1. **No inputs for `scaledown_window`**: Container idle for 5 minutes
2. **Over-provisioned**: More containers than needed for current load
3. **Down to `min_containers`**: Won't go below minimum

### Scaling Example

**Scenario**: 50 concurrent requests arrive

| State | Containers | Requests/Container | Action |
|-------|------------|-------------------|--------|
| Initial | 1 | 0 | Receive traffic |
| T+0ms | 1 | 16 (max) | Queue 34, spin up more |
| T+1s | 2 | 16, 8 | Still scaling |
| T+3s | 4 | 16, 16, 16, 2 | Stable |
| T+5min idle | 1 | 0 | Scale down |

---

## Cold Start Analysis

### Cold Start Breakdown (measured: ~52 seconds)

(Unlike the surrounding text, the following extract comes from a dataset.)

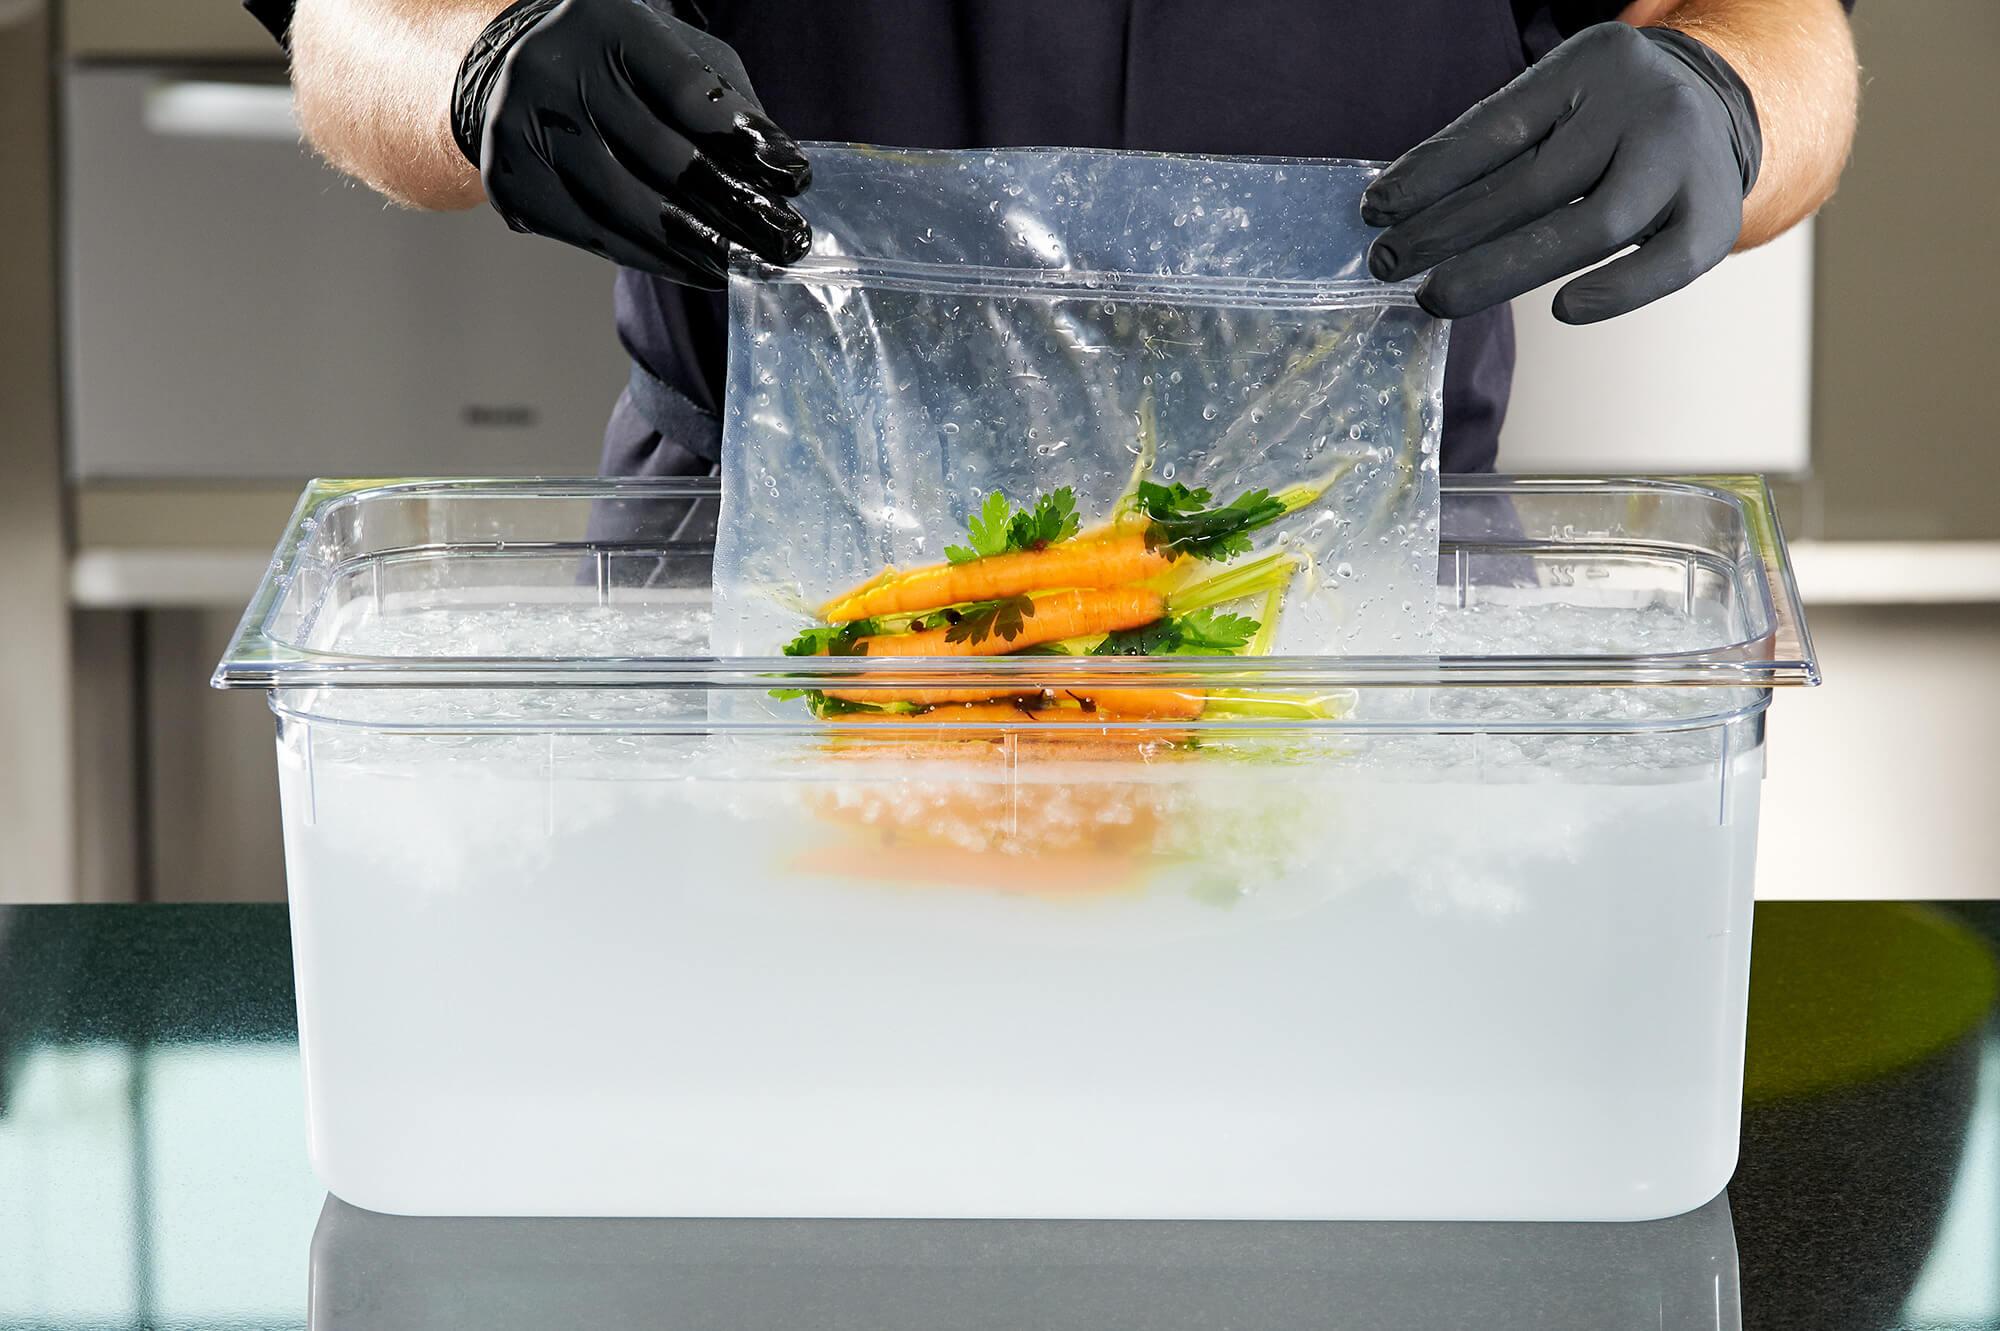 Karotten werden schockgefrostet

| Phase | Time | Description |
|-------|------|-------------|
| Container boot | ~1s | Modal's fast container startup |
| Python imports | ~3s | torch, vllm, transformers |
| vLLM engine init | ~15s | Load model weights, compile |
| BiCodec init | ~8s | Load audio tokenizer |
| SR model init | ~5s | Load super-resolution model |
| Warmup | ~5s | First inference to warm GPU |
| **Total** | **~52s** | First request only |

### Memory Snapshots (Enabled)

With `enable_memory_snapshot=True`:
- **First deployment**: Full cold start (~52s)
- **Subsequent cold starts**: ~15-20s (snapshot restore)
- **Savings**: ~60% reduction in cold start time

### Cold Start Mitigation Strategies

1. **`min_containers=1`**: Eliminates cold starts entirely (costs ~$1.70/hr)
2. **`buffer_containers=1`**: Ensures warm container during active use
3. **Memory snapshots**: Already enabled, reduces cold start by ~60%
4. **GPU snapshots (alpha)**: Could further reduce, but experimental

---

## Cost Analysis

### Per-Container Costs (L40S)

| Usage Pattern | Containers | Monthly Cost (Est.) |
|---------------|------------|---------------------|
| Scale to zero, occasional use | 0 (idle) | ~$50-100 |
| 1 always warm | 1 | ~$1,250 |
| Production (min=1, buffer=1) | 1-2 | ~$1,500-2,500 |
| High load (avg 3 containers) | 2-4 | ~$2,500-5,000 |

### Cost per Request

At 20 RPS with 100% utilization:
- **Requests per hour**: 72,000
- **GPU cost per hour**: ~$1.70
- **Cost per 1000 requests**: ~$0.024 (~2.4 cents)

---

## Recommendations

### For Development/Testing

```python
min_containers=0       # Save costs
buffer_containers=0    # Accept cold starts
scaledown_window=120   # Faster scale-down
max_inputs=8           # Conservative
target_inputs=4        # Low queueing
```

### For Production (Cost-Optimized)

```python
min_containers=0       # Scale to zero
buffer_containers=1    # 1 warm during use
scaledown_window=300   # 5 min idle
max_inputs=16          # Handle bursts
target_inputs=8        # Balance latency
```

### For Production (Latency-Optimized)

```python
min_containers=1       # Always 1 warm
buffer_containers=2    # Extra capacity
scaledown_window=600   # 10 min idle
max_inputs=12          # Lower for latency
target_inputs=6        # More containers
```

---

## Monitoring

### Key Metrics to Track

1. **Request latency** (p50, p95, p99)
2. **TTFB** (time to first byte)
3. **Container count** (active, buffer, idle)
4. **Queue depth** (pending inputs)
5. **Error rate** (should be 0%)
6. **Cold start frequency**

### Alerting Thresholds

| Metric | Warning | Critical |
|--------|---------|----------|
| p95 latency | > 3s | > 5s |
| Error rate | > 0.1% | > 1% |
| Queue depth | > 50 | > 100 |
| Cold starts/hour | > 5 | > 10 |

---

## Appendix: Test Script

The full stress test script is located at:
```
veena3modal/tests/modal_live/test_scaling_analysis.py
```

Run it with:
```bash
export MODAL_ENDPOINT_URL="https://mayaresearch--veena3-tts-ttsservice-serve.modal.run"
python veena3modal/tests/modal_live/test_scaling_analysis.py
```

Results are saved to `/tmp/scaling_analysis_<timestamp>.json`

---

## Conclusion

The Veena3 TTS service on Modal L40S demonstrates excellent scaling characteristics:

1. **Single container handles 20+ RPS** with 100% success rate
2. **vLLM continuous batching** works efficiently for concurrent requests
3. **L40S is the right GPU choice** - cost-effective with sufficient VRAM
4. **Increase `max_inputs` to 16** and `target_inputs` to 8 for optimal performance
5. **Memory snapshots** reduce cold start time by ~60%

The recommended configuration balances cost and performance for typical production workloads.